■ **Task brief**:
What is needed is every line from the one holding "Best ideas about Mason Jar Craft Ideas" to the last line of the data below, printed exactly and without pictures.

■ **Information provided**:
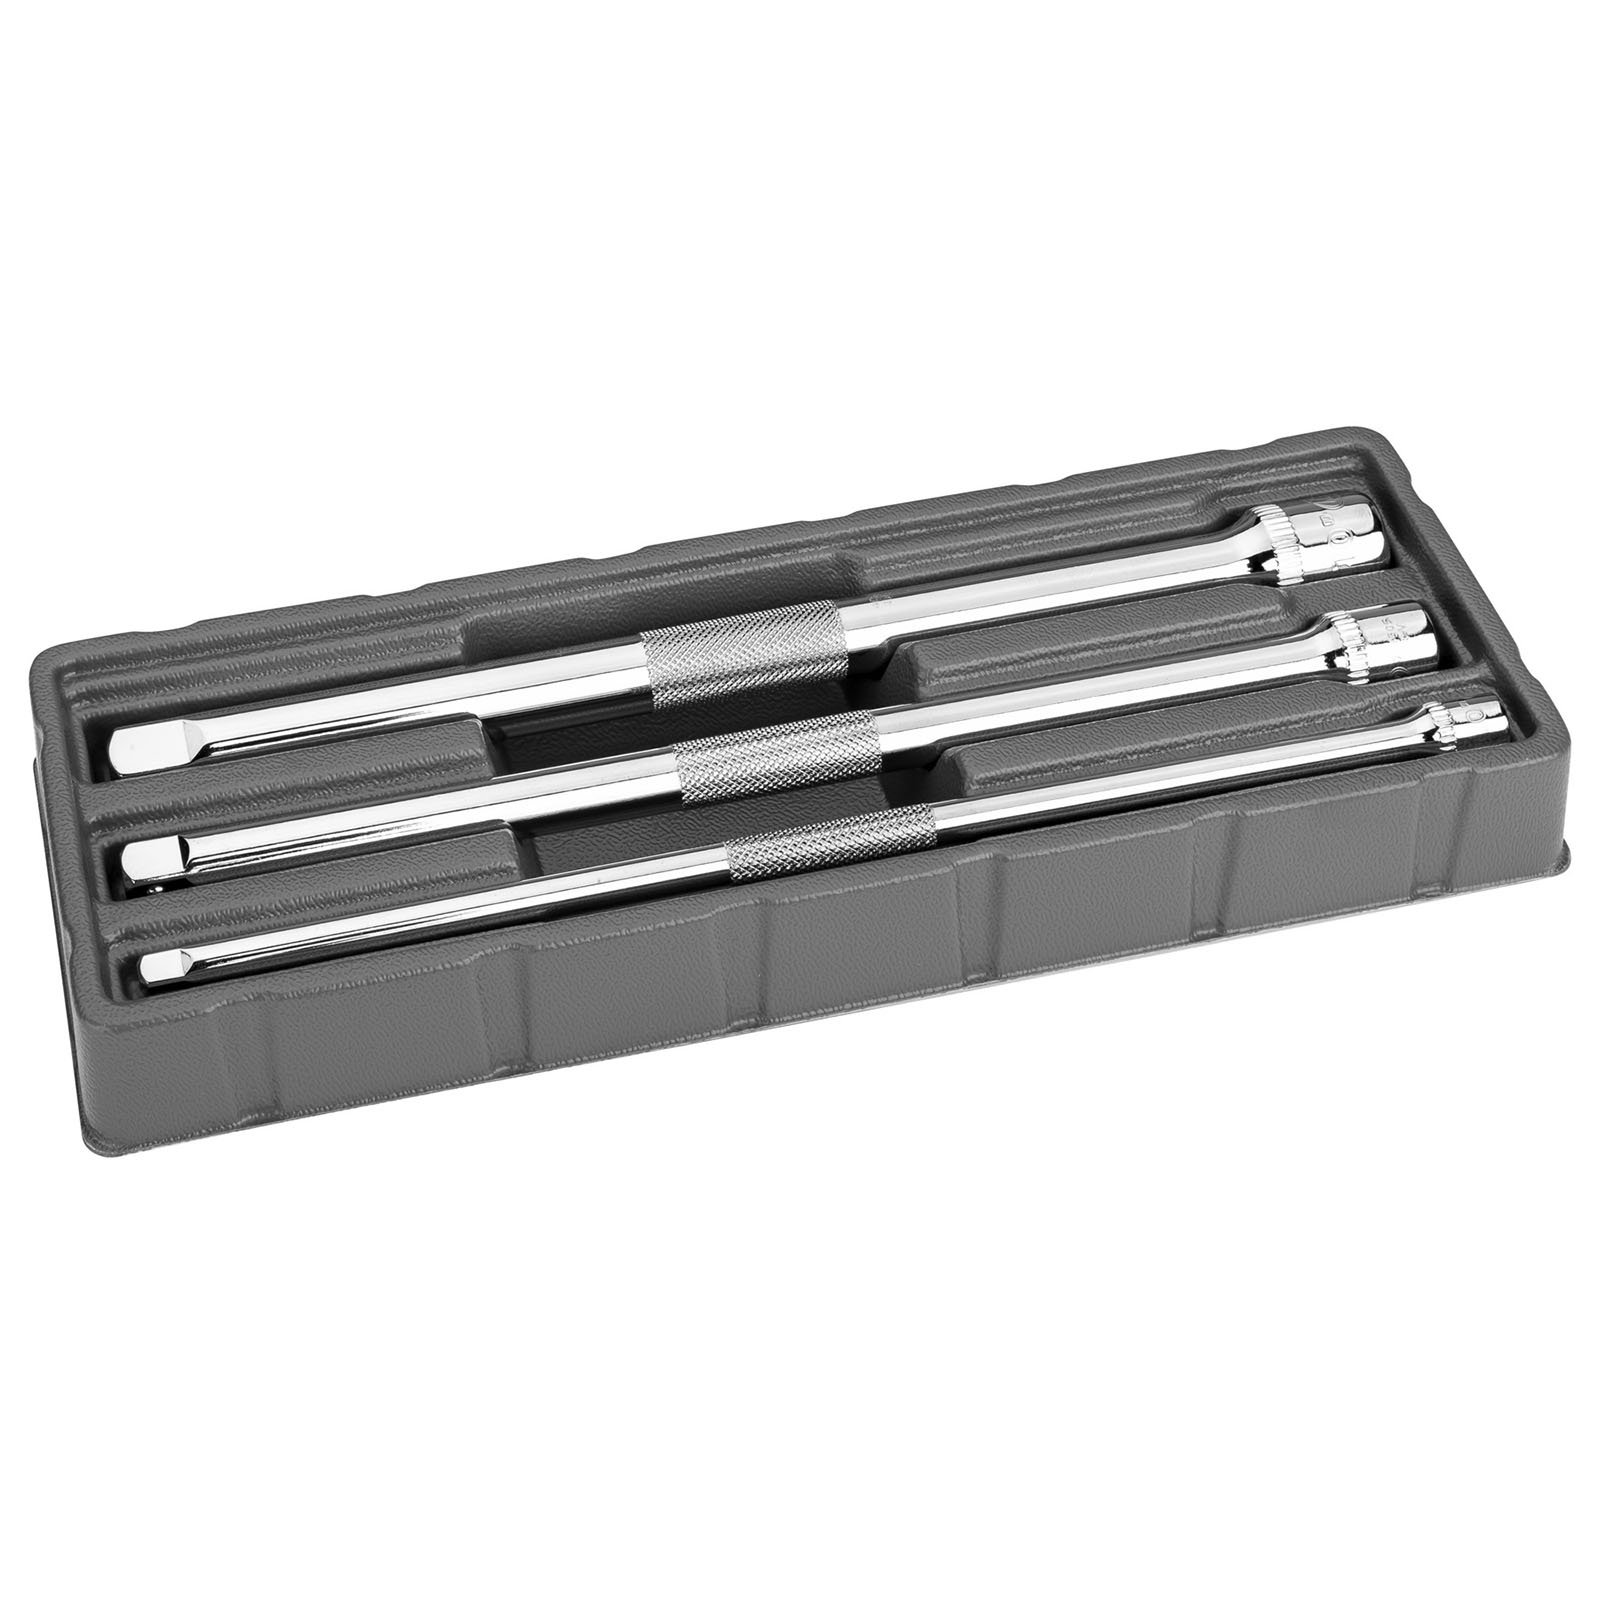 Ingersoll Rand 3 Piece 10 Inch Extension Bar Set - 752056X
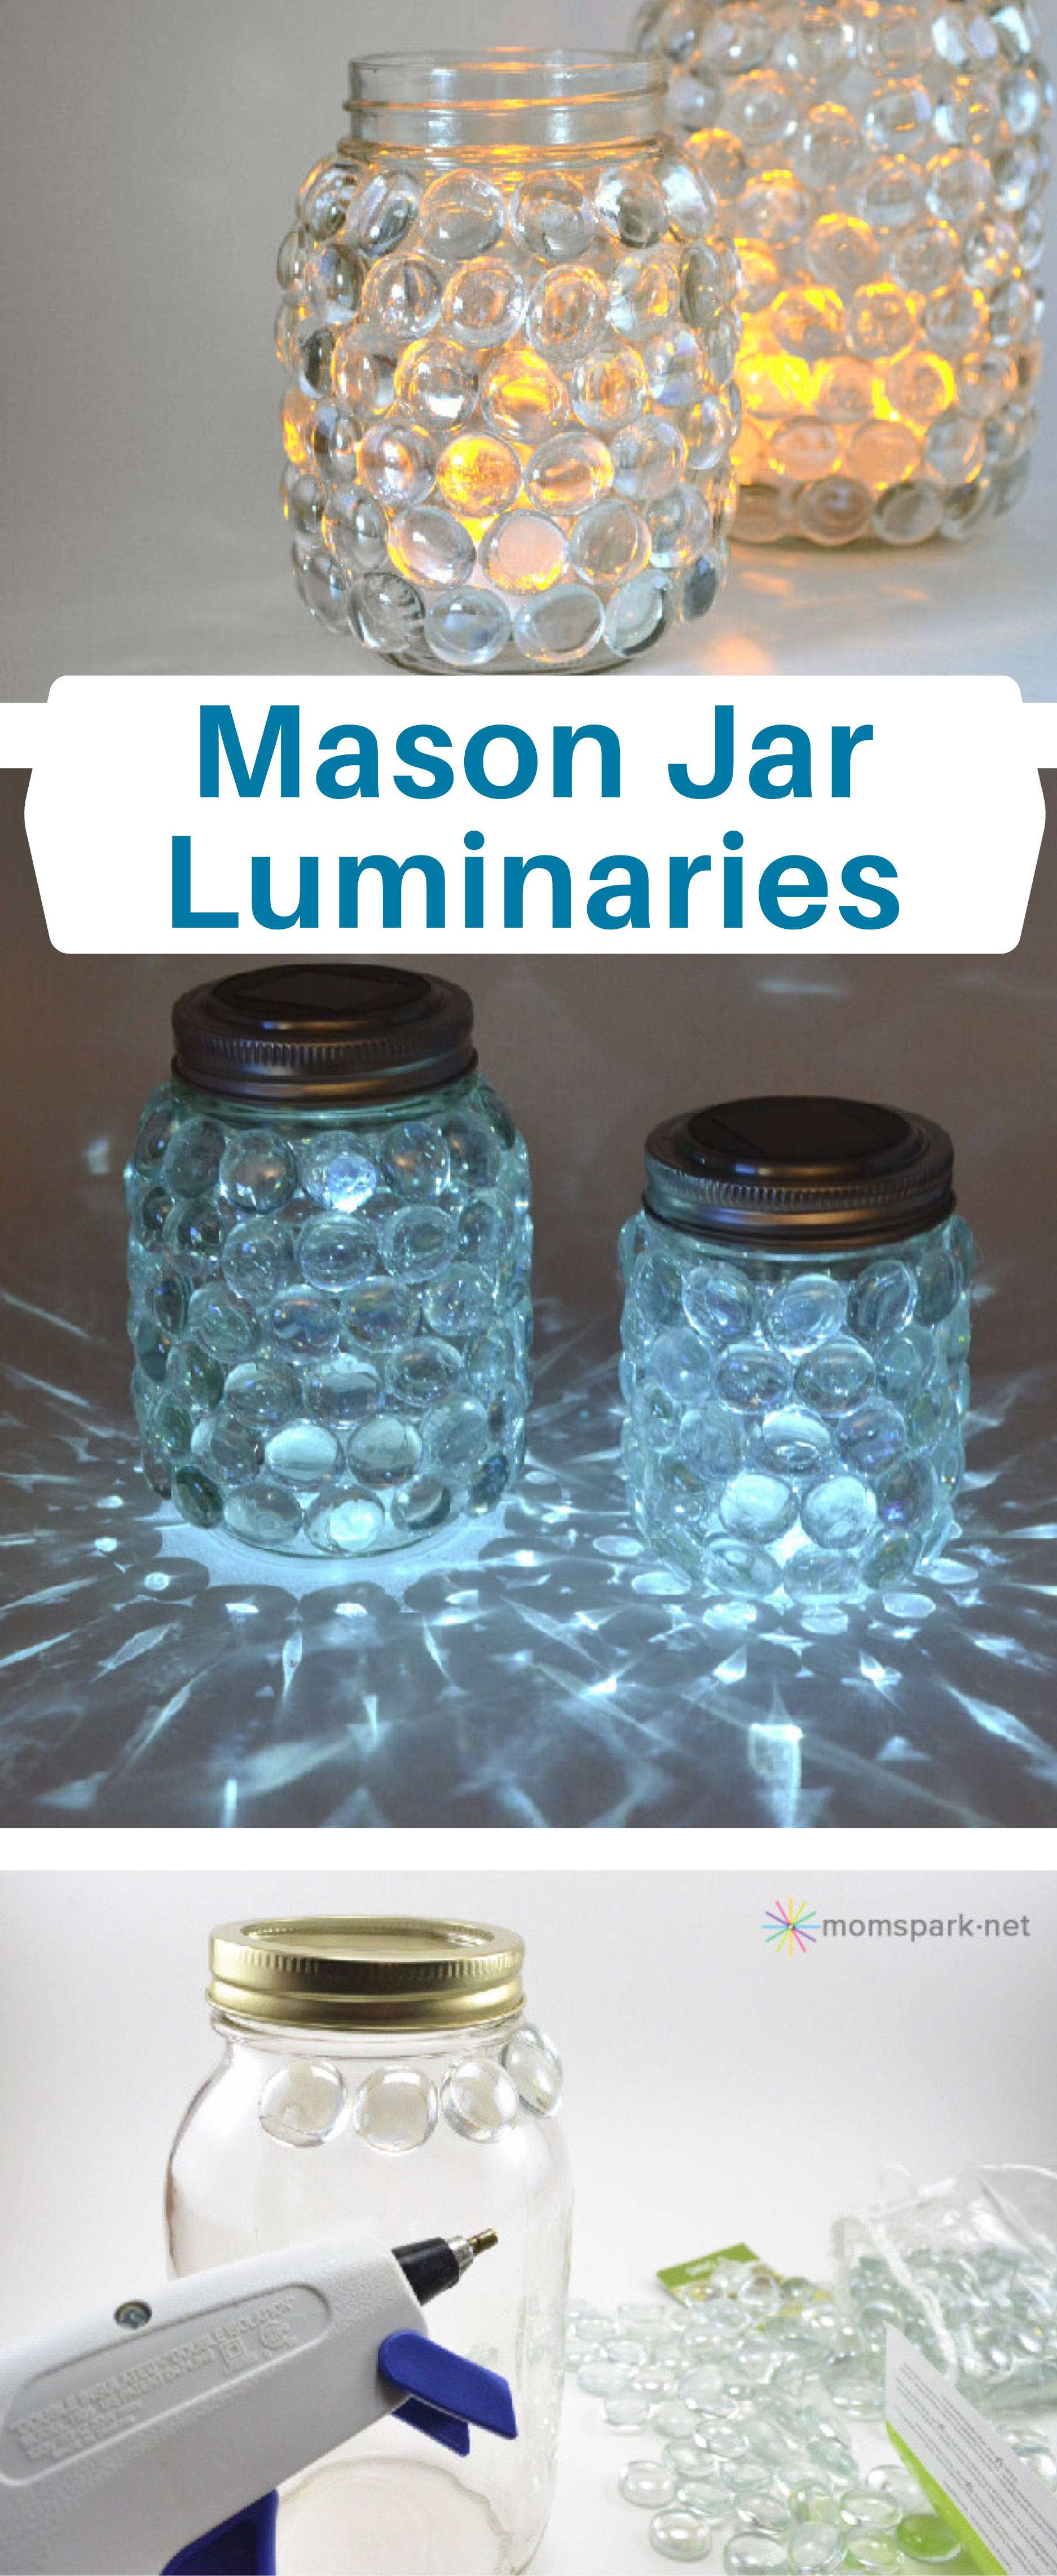 Best ideas about Mason Jar Craft Ideas
. Save or Pin 21 Easy Mason Jar Craft Ideas Homelovr Now.
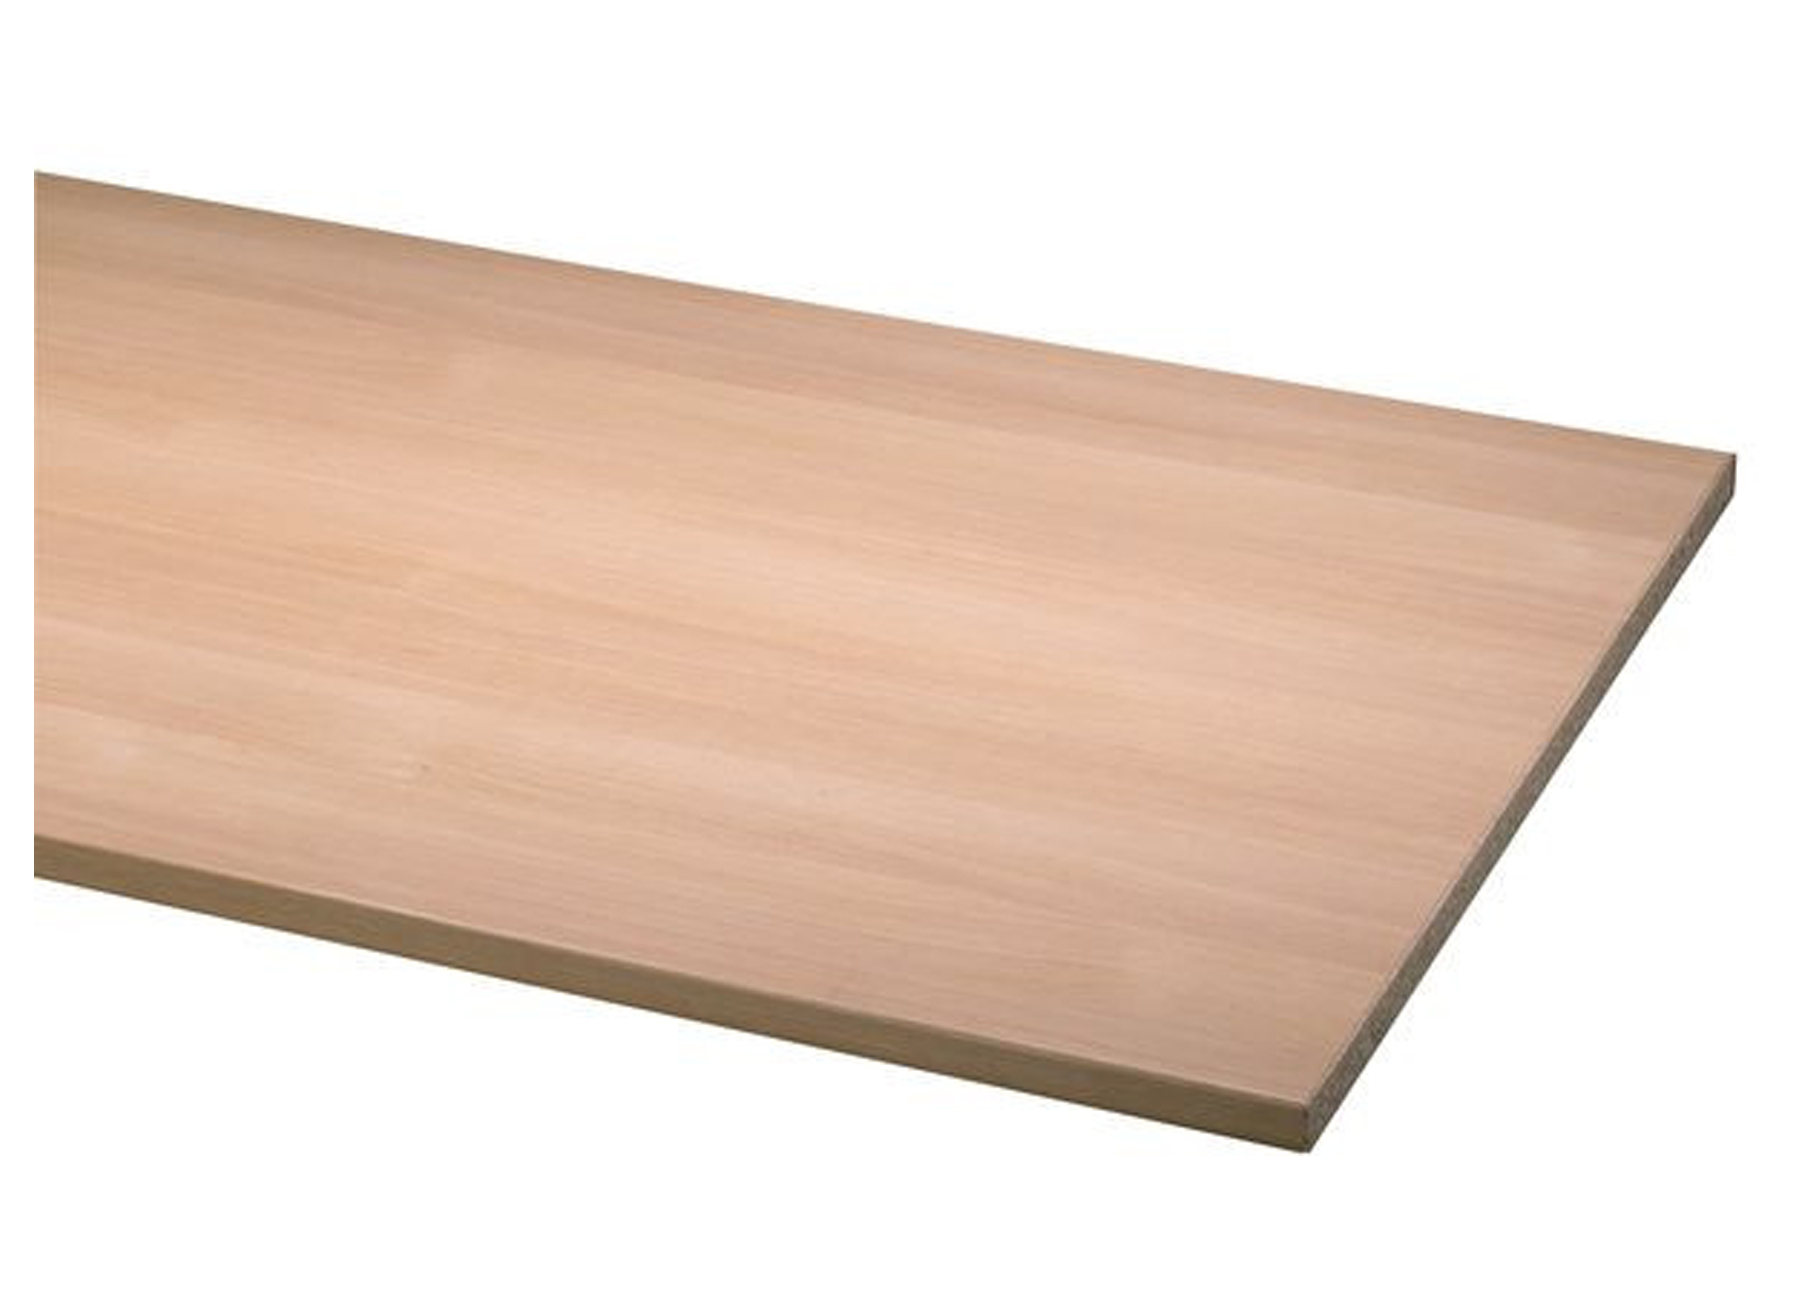 Cando Werkblad Eik Europees - hout en kunststof - panelen - meubelpanelen - keukenwerkbladen - cando werkblad 29mm eik europees

■ **Solution**:
 Best ideas about Mason Jar Craft Ideas
. Save or Pin 21 Easy Mason Jar Craft Ideas Homelovr Now.
 Cando Werkblad Eik Europees - hout en kunststof - panelen - meubelpanelen - keukenwerkbladen - cando werkblad 29mm eik europees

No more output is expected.